EL DIA DEL NO TIEMPO

El día del no tiempo debería ser cada día. Sin tiempo. Sin horarios, sin noches y sin días.

El día en que la vida es eterna, infinita. Y donde cada gesto se convierte en caricia.

El día del no tiempo es un sueño, una utopía. El deseo cumplido, la ilusión compartida.

El día en el que todos reímos con la risa de ese niño que fuimos y perdimos de vista.

Y no hay dolor, ni guerras. Y no hay enfermedad y no hay traición ni engaños, ni fiestas de guardar.

El día del no tiempo, es por siempre jamás, la conciencia infinita, la luz, la libertad. El Amor que nos une con cada Ser inmortal.

DESDE EL COSMOS INFINITO

Me miras desde tus ojos ávidos de aprenderlo todo. Y no te pierdes detalle. Eres un sabio curioso.
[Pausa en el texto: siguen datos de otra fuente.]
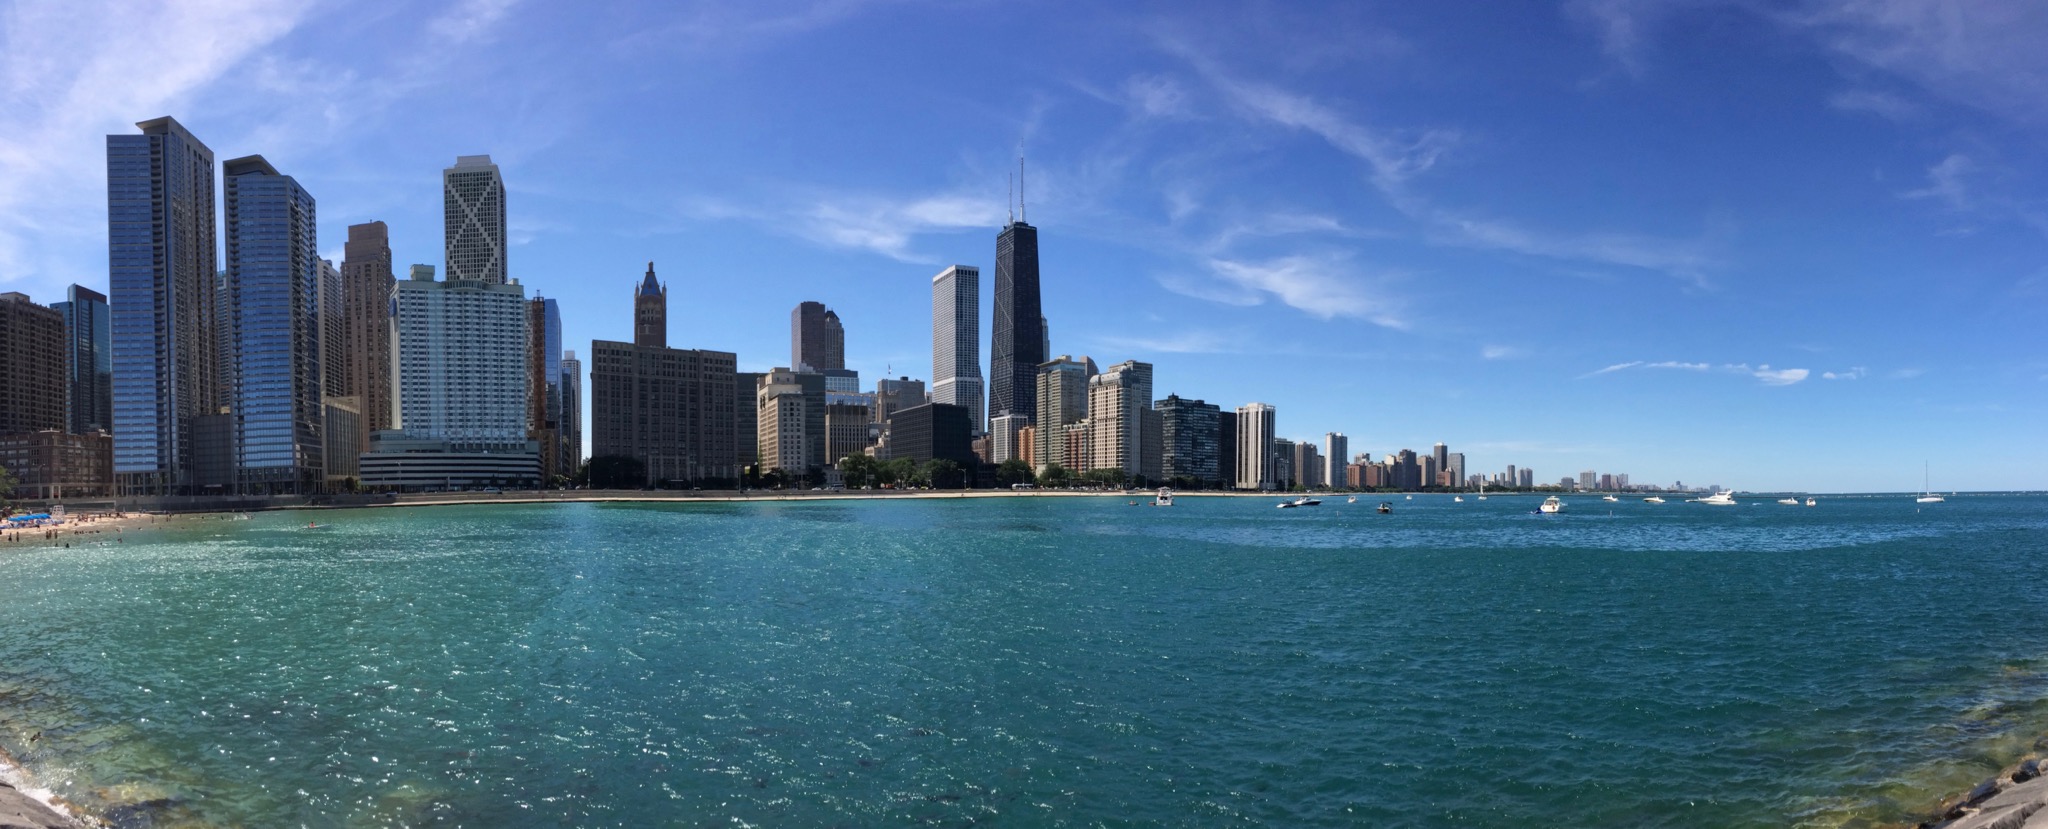 Photo 98 of 135 from the album Highlights Chicago 2015.

Parlanchín de medio metro, con voz de niño de coro. Tú contestas tus preguntas, tú te lo respondes todo.

Eres listo, inteligente. Curioso y extrovertido. Pero te quedas callado, recordando el paraíso.

Y es entonces cuando siento que no eres sólo un niño. Que tu alma viene de muy lejos, que has hecho mucho camino.

Que tú y yo nos conocemos desde el cosmos infinito.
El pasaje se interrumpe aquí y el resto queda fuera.